[[ EXERCISE DATA, beginning ]]

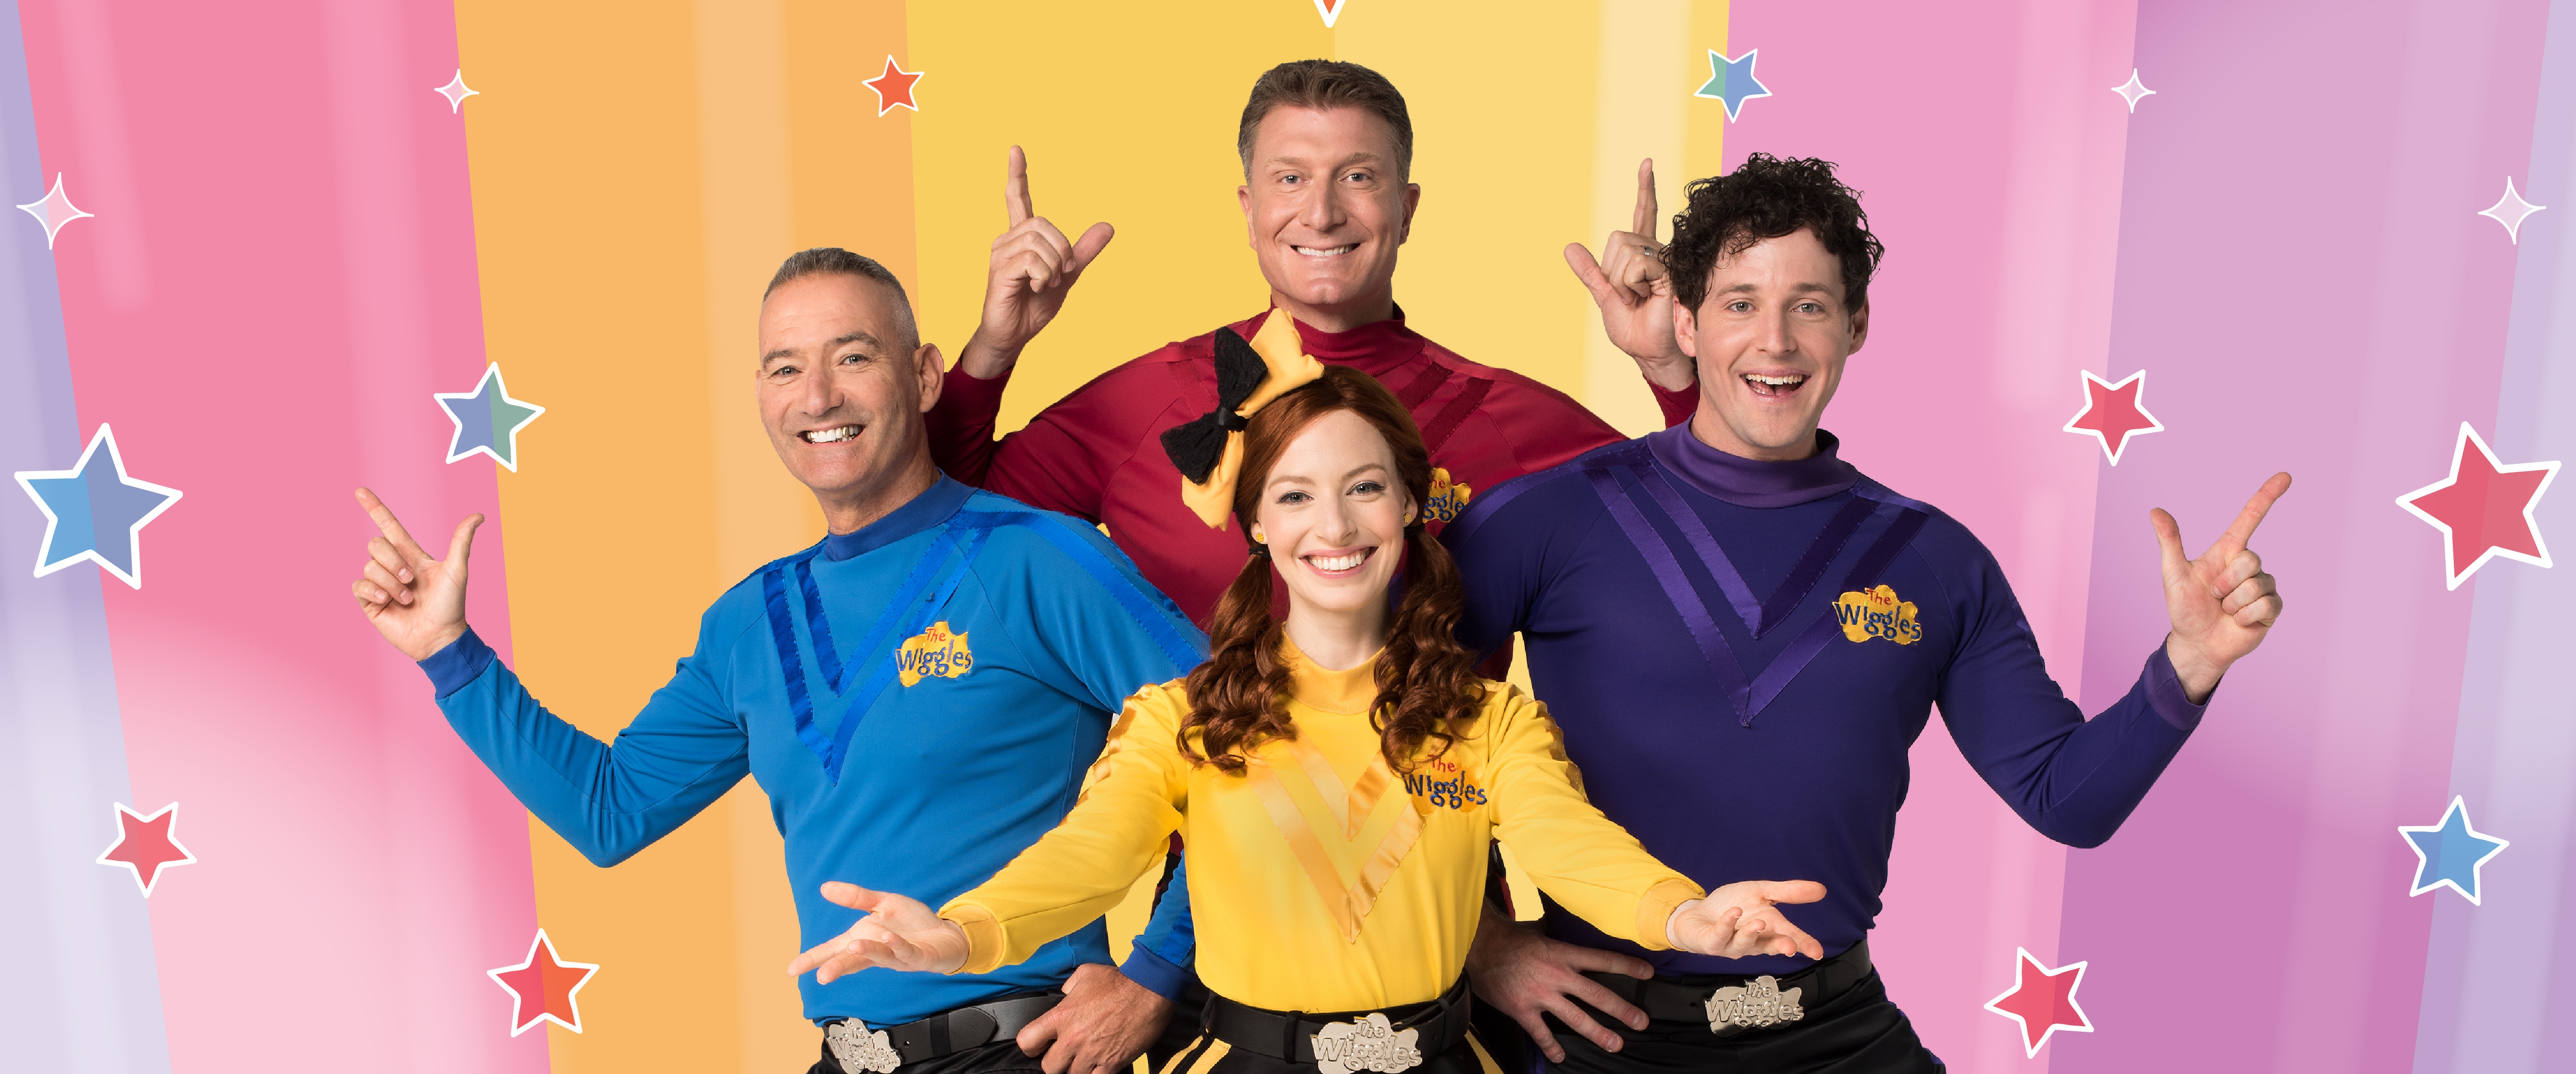 The Wiggles Tour Tickets With Meet And Greet Passes W vrogue.co
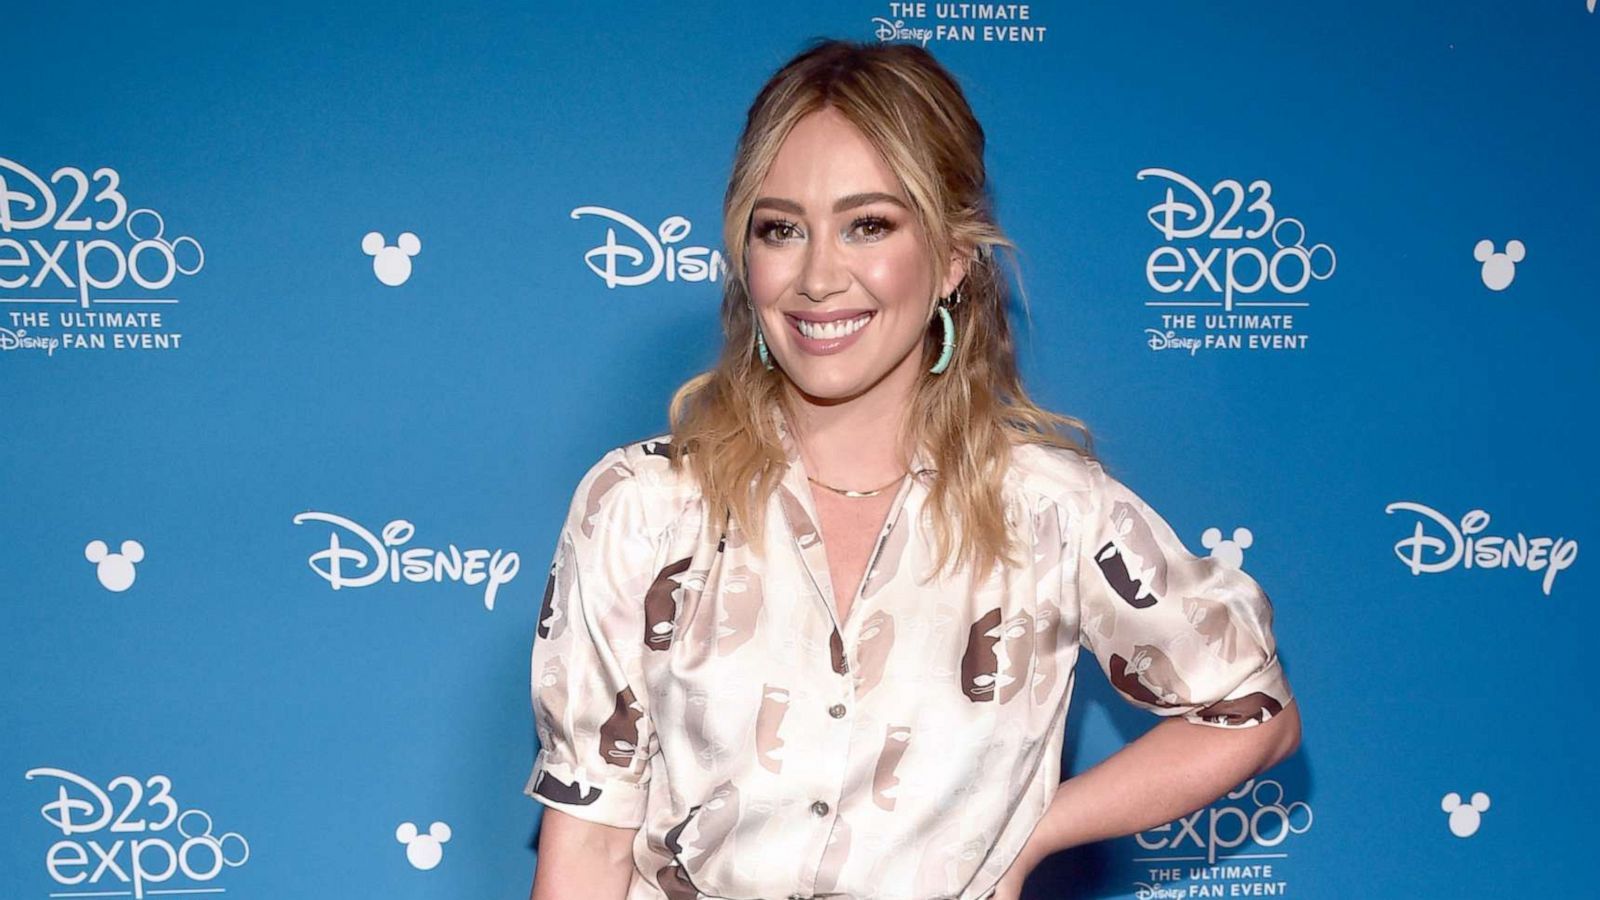 Hilary Duff releases new music for the 1st time in 4 years
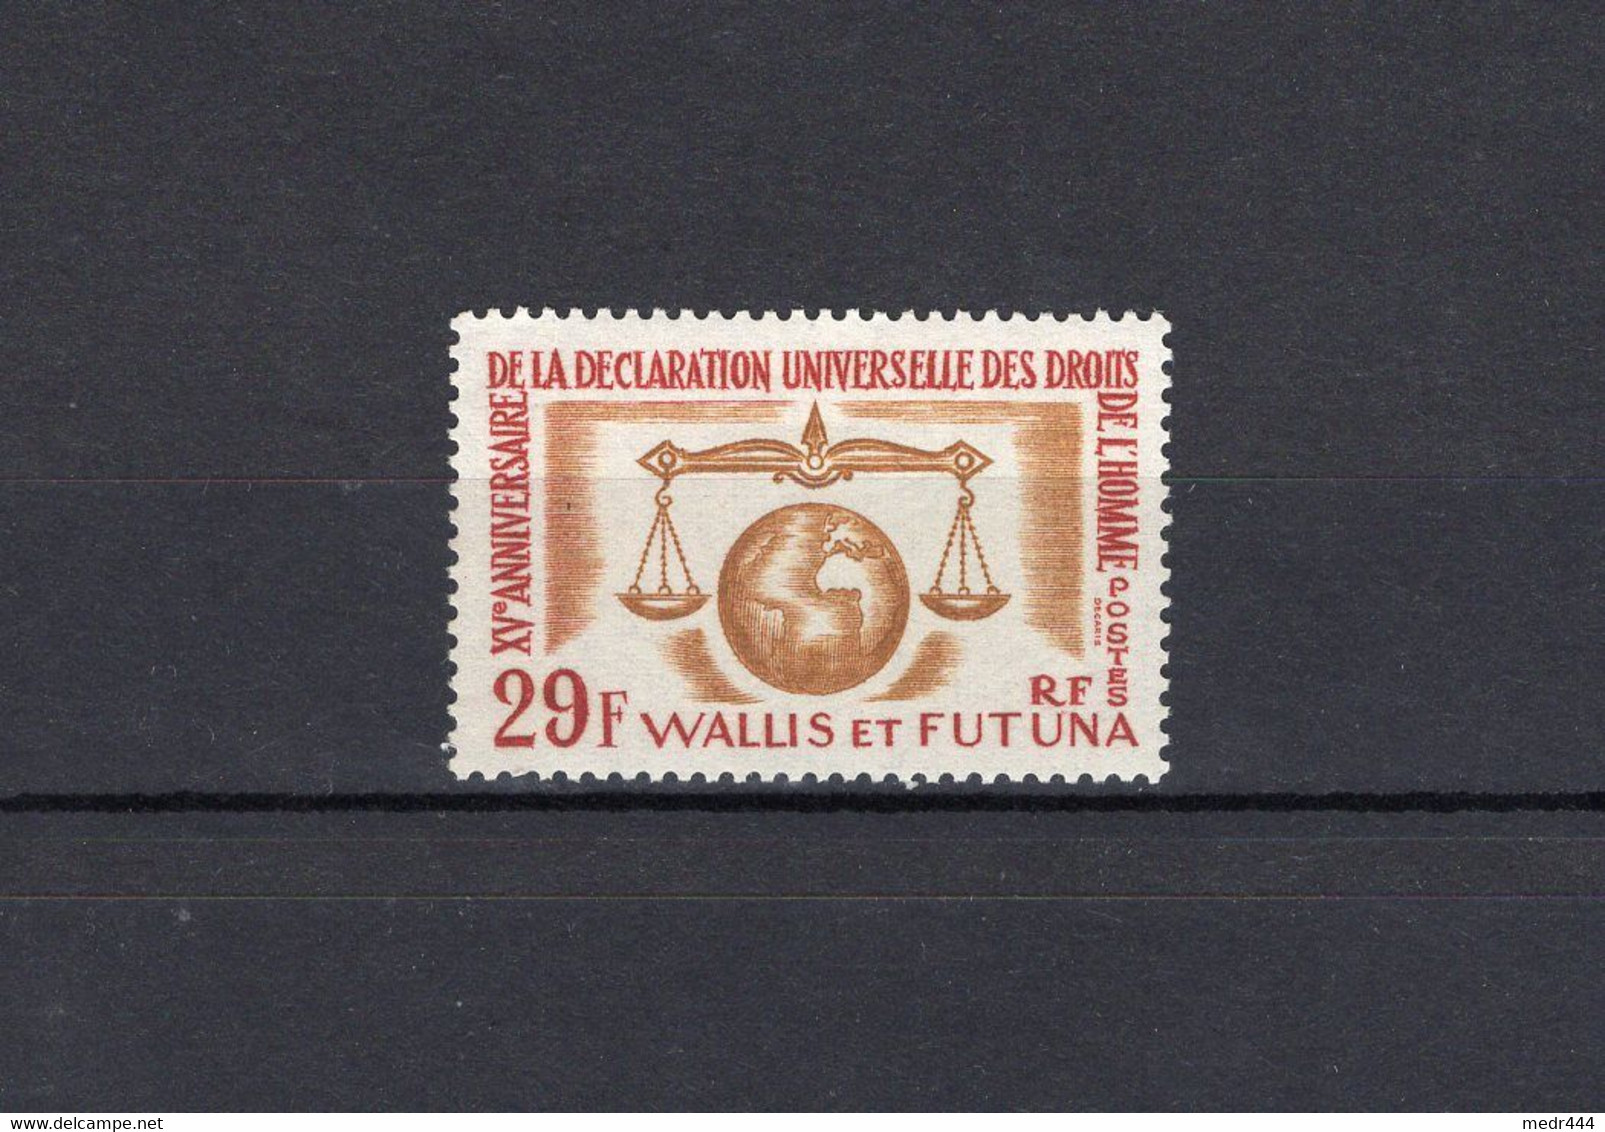 Wallis And Futuna 1963 - The 15th Anniversary Of Human Rights Declaration - Stamp 1v - MNH** - Excellent Quality - Brieven En Documenten

[[ EXERCISE DATA, end ]]

● **WHAT THIS TASK INVOLVES**: What is needed is the listing above, repeated verbatim, without its images.

● **YOUR RESPONSE**:
 The Wiggles Tour Tickets With Meet And Greet Passes W vrogue.co
 Hilary Duff releases new music for the 1st time in 4 years
 Wallis And Futuna 1963 - The 15th Anniversary Of Human Rights Declaration - Stamp 1v - MNH** - Excellent Quality - Brieven En Documenten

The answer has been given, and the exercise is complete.